Building ties, skills and experimental wetlands

Posted: November 21, 2019

Buckeyes are not the first plants that pop to mind when you think of ways to combat algae growth in municipal ponds. Buckeyes who are civil engineers, on the other hand, are exactly who the City of Lima called on to control the nutrients behind the algae making a nuisance of itself in the city parks.

Two civil engineers stand in front of a pond
Jaden Addis and Jim Morrisey
City of Lima Stormwater Manager and Buckeye Jim Morrisey (BS 1998) wanted a sustainable way to filter out the phosphorus causing the algae blooms. He put the city’s engineering interns together with interns from the city’s stormwater partner, Allen Soil and Water Conservation District, and asked them to research a solution.

“I like an educational experience for these guys,” Morrissey said. “It's one thing to send your interns out to clean up pathways or to rake leaves, but if they can be involved in a program where they develop meaningful practices like this and then come back next year and are able to say that they were a part of this or that and it's still growing and doing a great job, that's good. That's what we're looking for in an internship.”

Jaden Addis, city engineering intern and sophomore in civil engineering of Lima, was the Buckeye on the team of five. The interns researched possibilities and developed models, three of which were chosen in a brainstorming session with the professional engineers.
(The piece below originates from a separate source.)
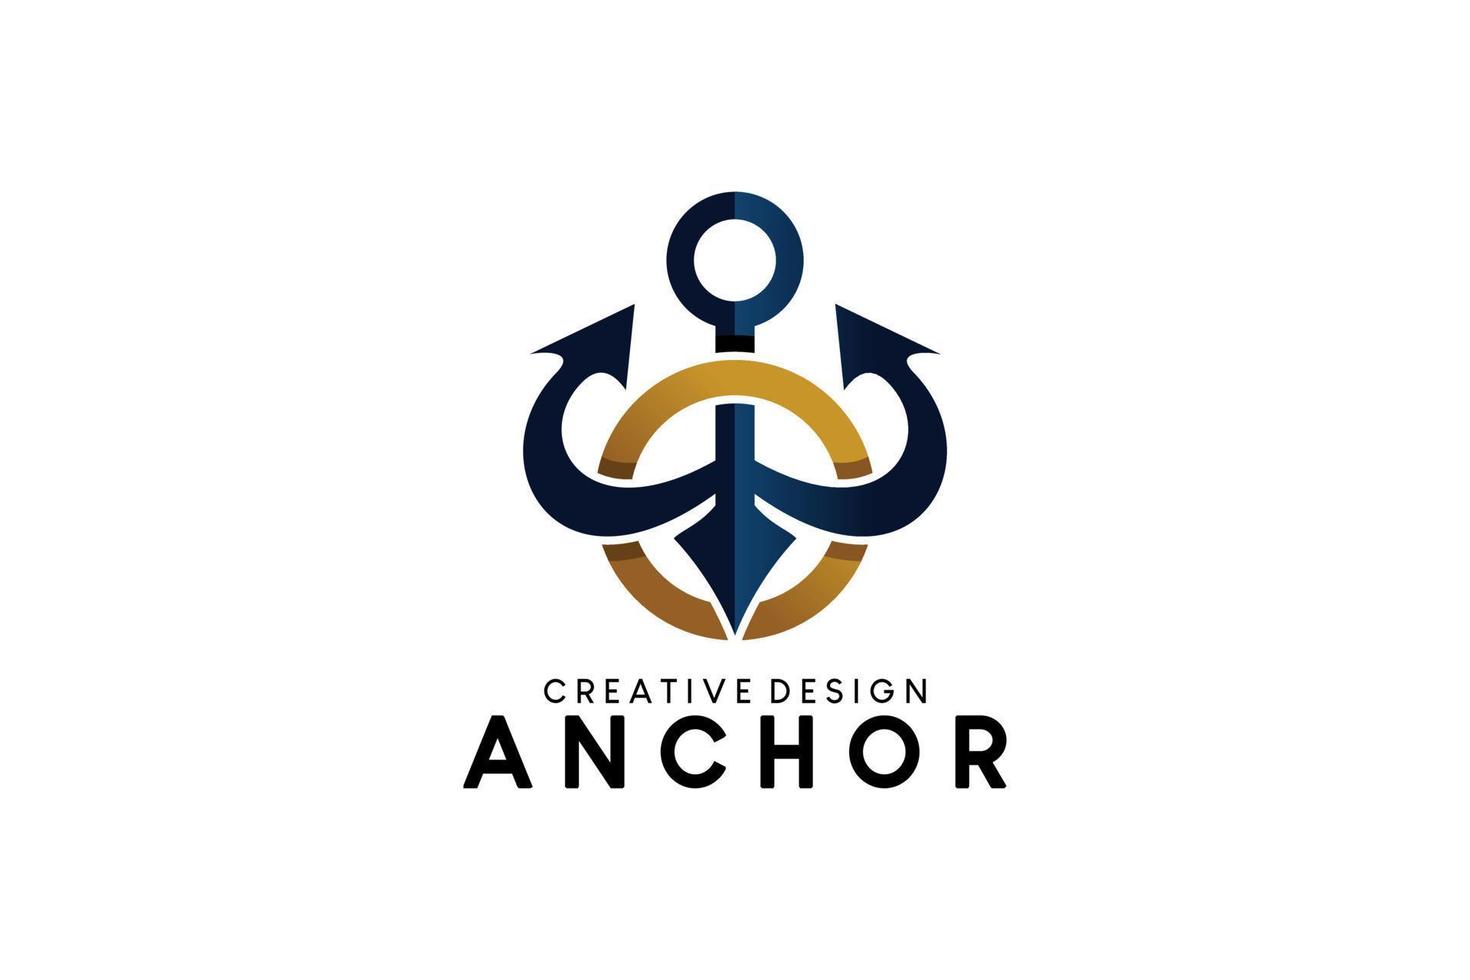 Anchor emblem logo design template, vector illustration

The end result of the summer project is three prototypes being tested in the Faurot Park ponds. All three have similar plantings, but different structures. The early front runner is the smallest model made of plastic bottles and coconut fiber. Morrissey would like to leave them in place and replenish them as they reach the end of their lifecycles to test their effectiveness.

“I hope that the interns take away the hands-on approach. Once they get in our field, there's a lot of hands on. When we have her out in the field testing soil for our dam project or building wetlands, there's a lot of quick thinking but also resourcefulness,” he said. “It is easy to read about this but to put it into practice and to see it actually function, I think that's what the greatest takeaway from this should be and anything that's going to help out the environment is right on.”

Building floating research labs was not the only thing Addis did in her three months with the city. During her internship, she was exposed to everything from stormwater projects, to the bypass being constructed, to tree work and traffic signals. The broad experience helped cement her plans to work in the public sector after graduation. The wetlands project is one she knows she can transfer to her future job sites.

“I think the wetlands project will help a lot with the experiences that it gave me and it shows me that this will work if I need to use it somewhere else,” she said. “For instance, if I worked for a different city or a different county, this would be an environmental way to help the ponds.”

The floating wetlands draw some looks from park visitors and have begun to attract quite a following from the ponds’ fish population as natural habitats. Since it will take some time for the plants to develop root systems to efficiently filter phosphorus out of the water, the next crop of interns will be evaluating the project. Addis hopes to be one of them.

“I learned a lot, a lot more than I thought I could,” she said. “I have loved working on these wetlands and watching them grow. This internship is showing me that civil engineering is really what I want to do.”